6. That my current obsession with purple will soon have to end, as it's the colour for the Autumn/Winter collections, and once the common people start wearing it, it has to be gone from my wardrobe, sob sob (yeah yeah I know, snob snob)
7. The Amy MacDonald cd is stuck in my stereo. It's the only reason I can give for it being on constant playback (my poor neighbours)
8. Drinking many different types of white wine, and tequila slammers, in the same night results in a lot of sleeping and a very bad hangover
9. I'm always hugely excited whenever the blog gets comments from strangers. I mean, like, wow. I always want a million questions answered and have to physically restrain myself from emailing them to ask all the questions. But how do they find us?
10. That as I had previously thought, it doesn't take a great deal of alcohol for me to reveal my secret crushes, turns out it just takes Smarties icecream, well, there you go
11. My hula-hooping has improved slightly. I managed, ooh, about 4 seconds yesterday. I was impressed anyway
12. Exercise balls are actually much more fun as giant basketballs, they don't half bounce well!
13. That as well as being Dizz, I am also Ditz. Honestly, I've been doing such dopey things, I'm shaking my head at myself
14. It really really makes your eyes water when you bang your ankle bone against the door of a toilet cubicle (ouch)
15. And finally, I've come to realise that sometimes telling people exactly what is on your mind can work miracles, it really can. I've done this to two people recently and the efforts that have been made since I said my piece have been admirable. I'm proud of them. And proud of me too for having the balls to say these things.
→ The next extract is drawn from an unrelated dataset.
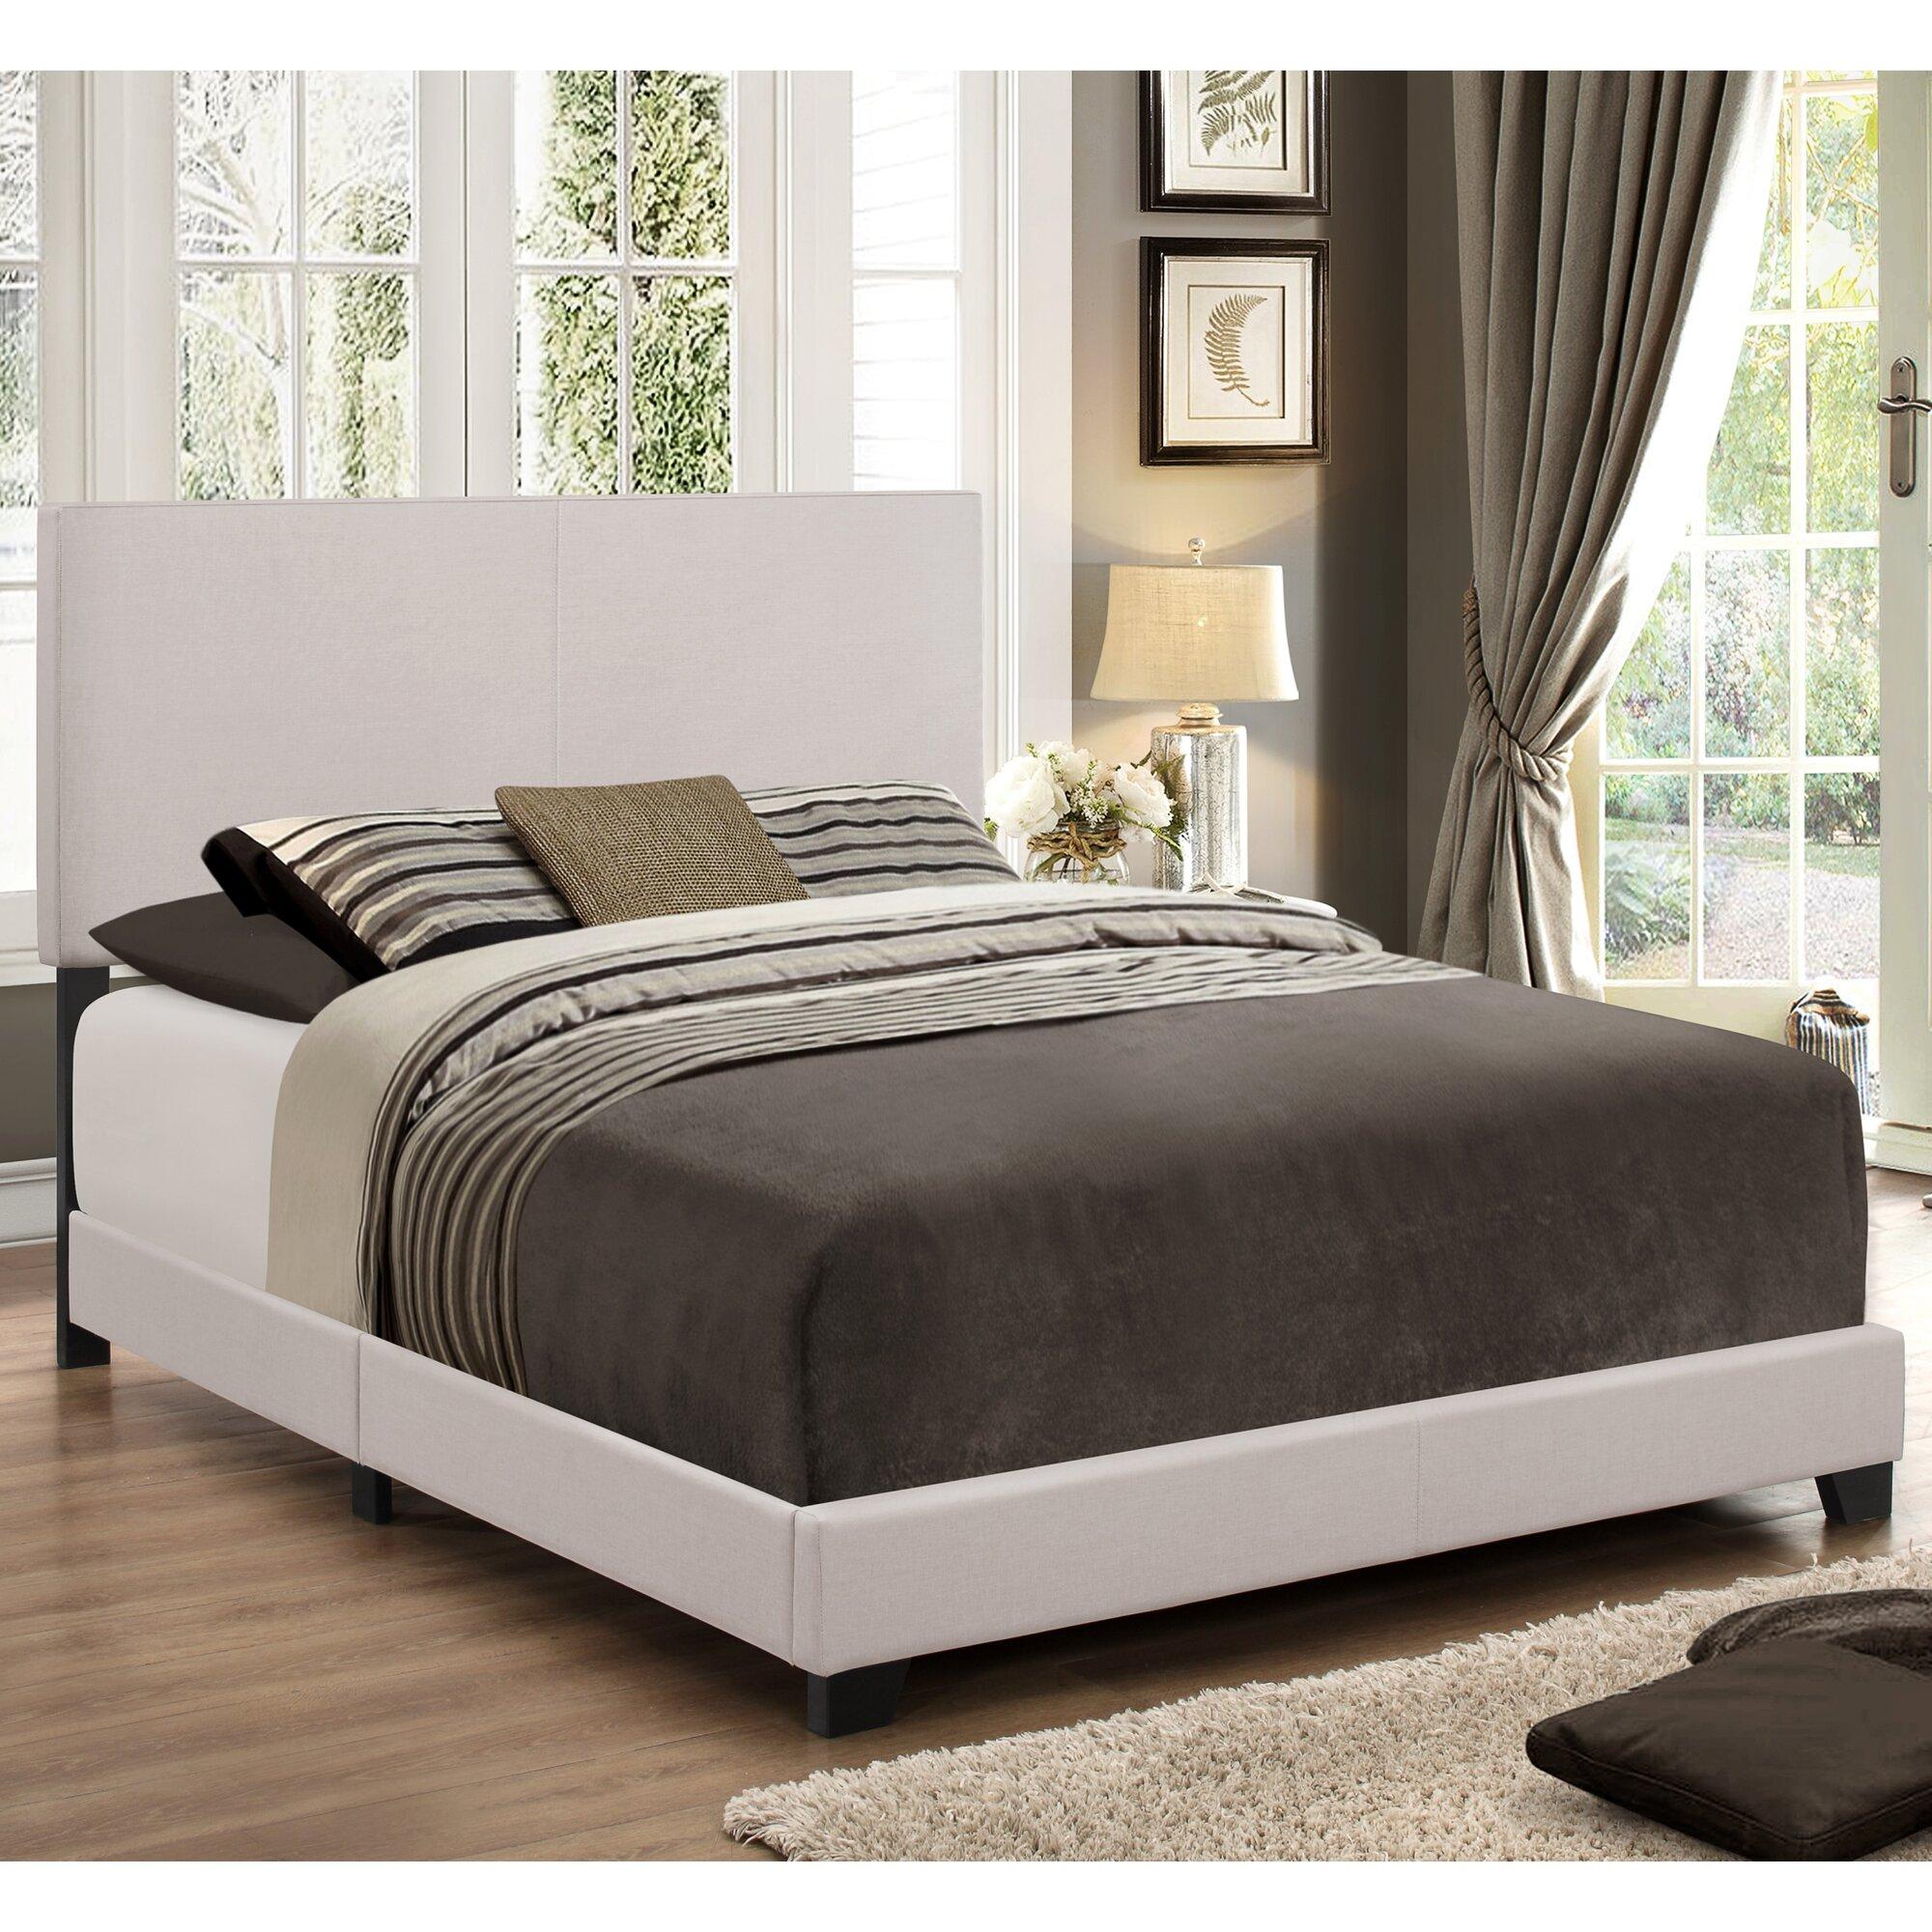 Wayfair All Modern: Zipcode Design Newport Upholstered Panel Bed & Reviews
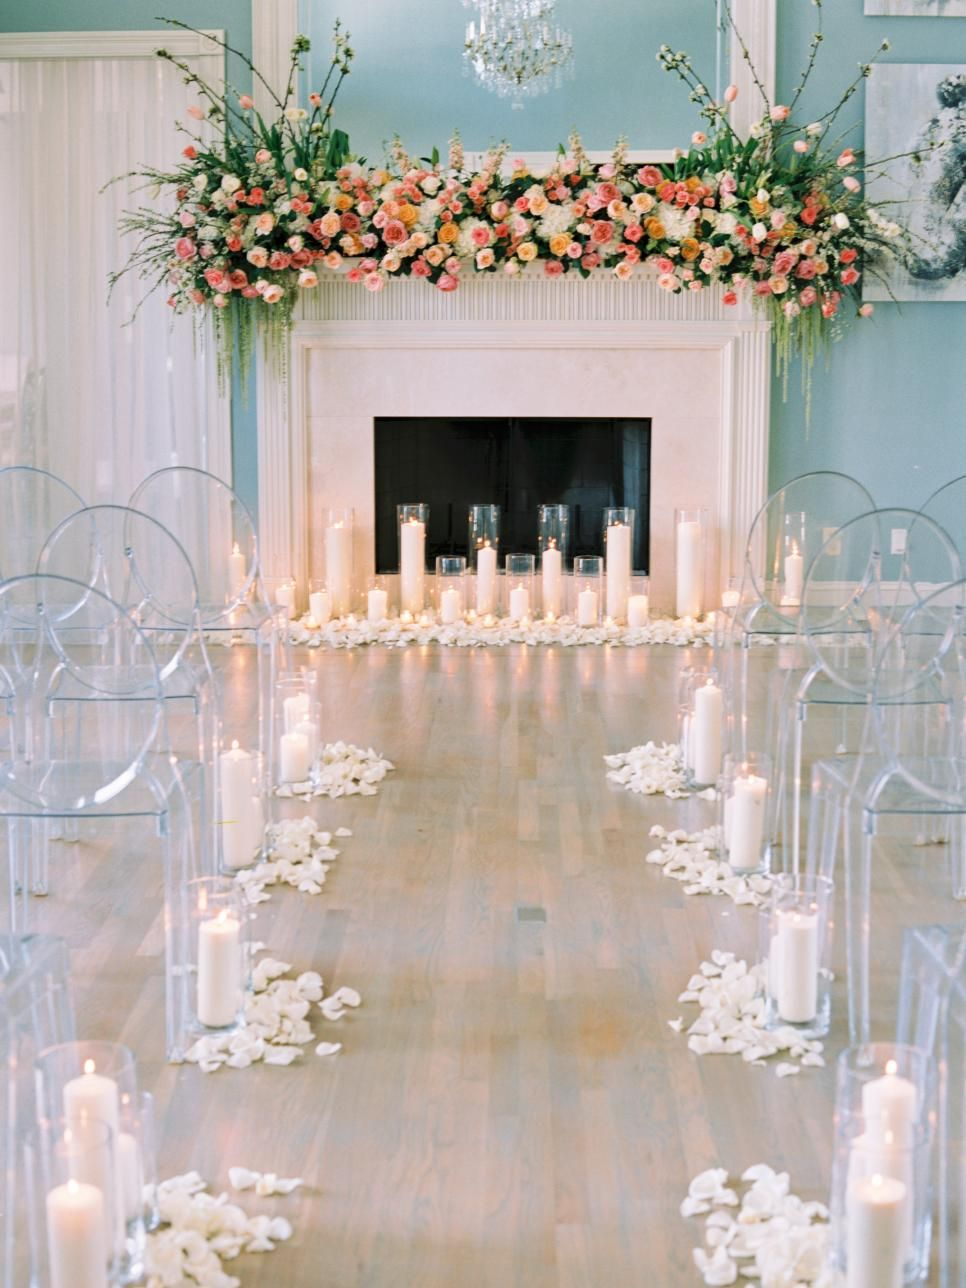 Wedding aisle decor ideas diy   DIY Wedding Arbors Altars u Aisles  Wedding Ideas  Pinterest

And that my blog friends (and strangers!) is all. I have to go and try my new exercise ball dvd now: Bounce yourself fit/trim/slim (I can't remember the exact title). Ta-ta xx

4 comments:

fizz said...

YOU HAVE A SECRET CRUSH! WHO? Is it N*****?

Claire said...

It might be...then again it might not be. I'm not sure secret crush was the right phrase, it should possibly have been instead: men that I so would...

You probably already know most of them. I'm sure I've admitted to one or two names in previous conversations we've had ;o)

tizz said...

I need to know!!!!! Think I need a detailed e mail from you missy. Sorry I've been so lax but I can't get the internet working in my room and when L's on nights I can't get access :(

Librarian Girl said...

Urban Decay is totally affordable here. You will be loving it.